Love as a spiritual swiftly moving entity cannot be put in any formula, since it's true identity is not in words but in action. Giving is a clue; That what I ike the most, appreciate the best, I give to my wife and my wife does the same ( She initiated the idea) . Now and always we both have the best we can afford living in contentment, happy and blessed.
Yes, I’ve done my best to apply certain formulas (sound advice) for love with my wife throughout our long happy and stable marriage.
A sustained loving relationship isn’t something that just happens; it has to be worked at constantly, and requires commitment, communication and co-operation from both partners.
One key formula (cornerstone) to any good relationship; from my limited experience e.g. I’ve only ever been in one relationship, and from what I’ve seen of friends where their relationships have been less successful, is the need to ‘grow together’, and ‘not apart’ e.g. too many couples lead separate lives, develop separate interests and grow apart, and then wonder (years later) why they have little in common.
I’ve always made a point of taking an interest in my wife’s interests, and encouraging her to take an interest in mine; and our policy has always been (for the vast majority of time) that when we go out then we go out together; and any friends of mine or my wife automatically becomes our friends, as a couple (single entity).
I met my wife when we were teenagers, so neither of us was experienced in relationships when we married. However, fortunately, just after our marriage a new weekly magazine went on sale:-
‘New Man and Woman, for Better Loving Relationships’ by Marshall Cavendish
Over the next 12 months (52 weekly parts) it built into a seven volume reference guide packed with good sound advice and common sense (formulas) for better loving relationships with your partner.
Good advice like not calling your wife fat or ugly, or telling her she’s no good in bed as a passing comment or in a heated exchange of words; which only serves to build barriers and resentment.
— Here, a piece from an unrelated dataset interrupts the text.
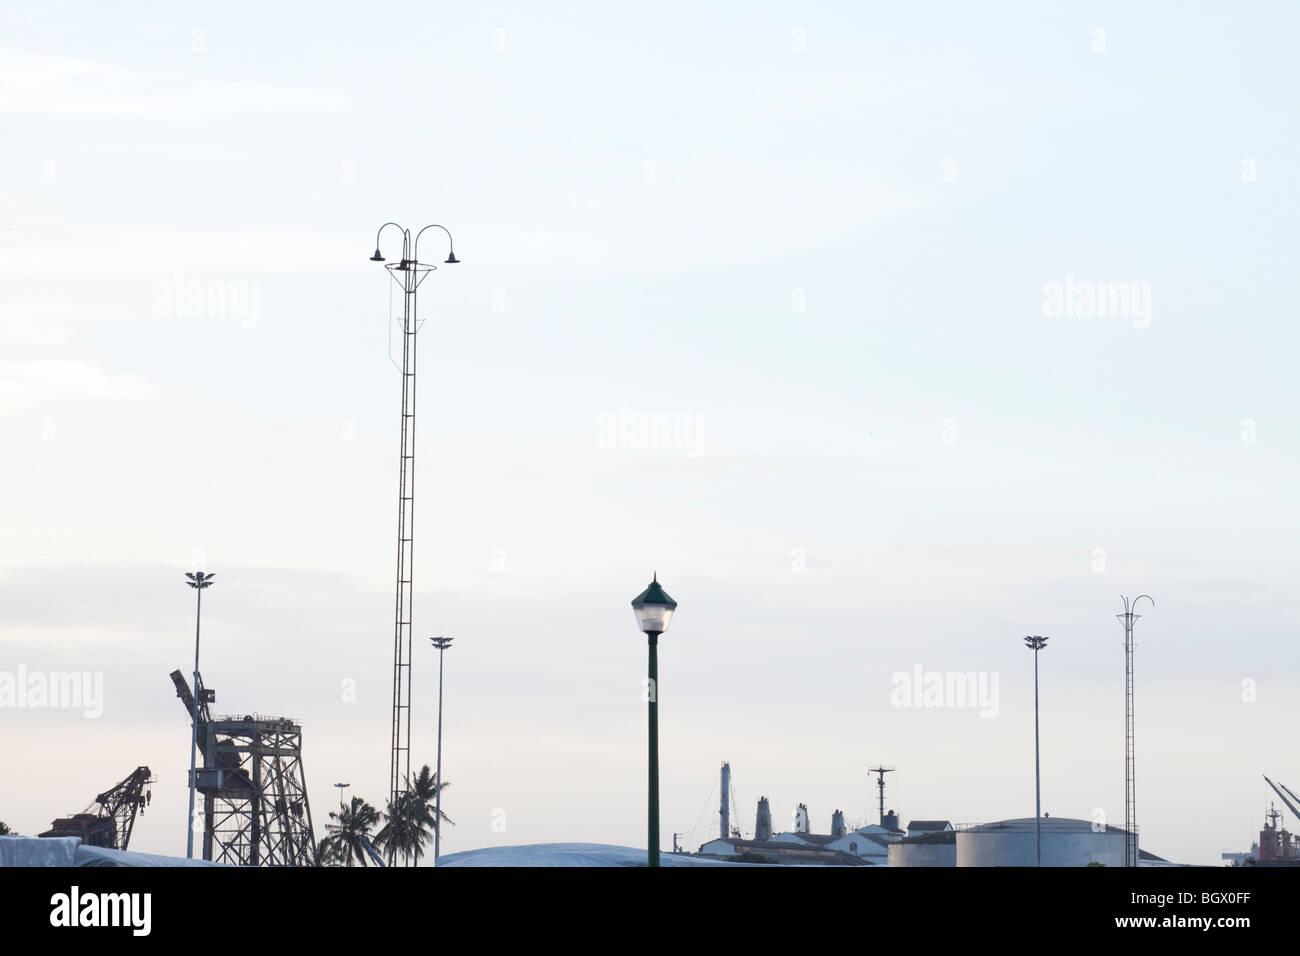 Minimal skyline with machinery and lanterns - Stock Image

Instead, it’s much better to praise and encourage your partner, and use more positive language in banter or ‘sweet nothings’ rather than undermine her self-confidence and self-esteem with negative remarks. And if your partner is over-sensitive about being overweight or short then words like ‘well built’ or ‘vertically challenged’ (even in jest) can sometimes still demoralise them, and if so are then best avoided or limited in use.
My wife and I over the years have tried to follow the advice and tips in the publication, and quite successfully I think; albeit I guess after all these years the publication is probably now out of print, which if so is a great shame because we found it a ‘gem’.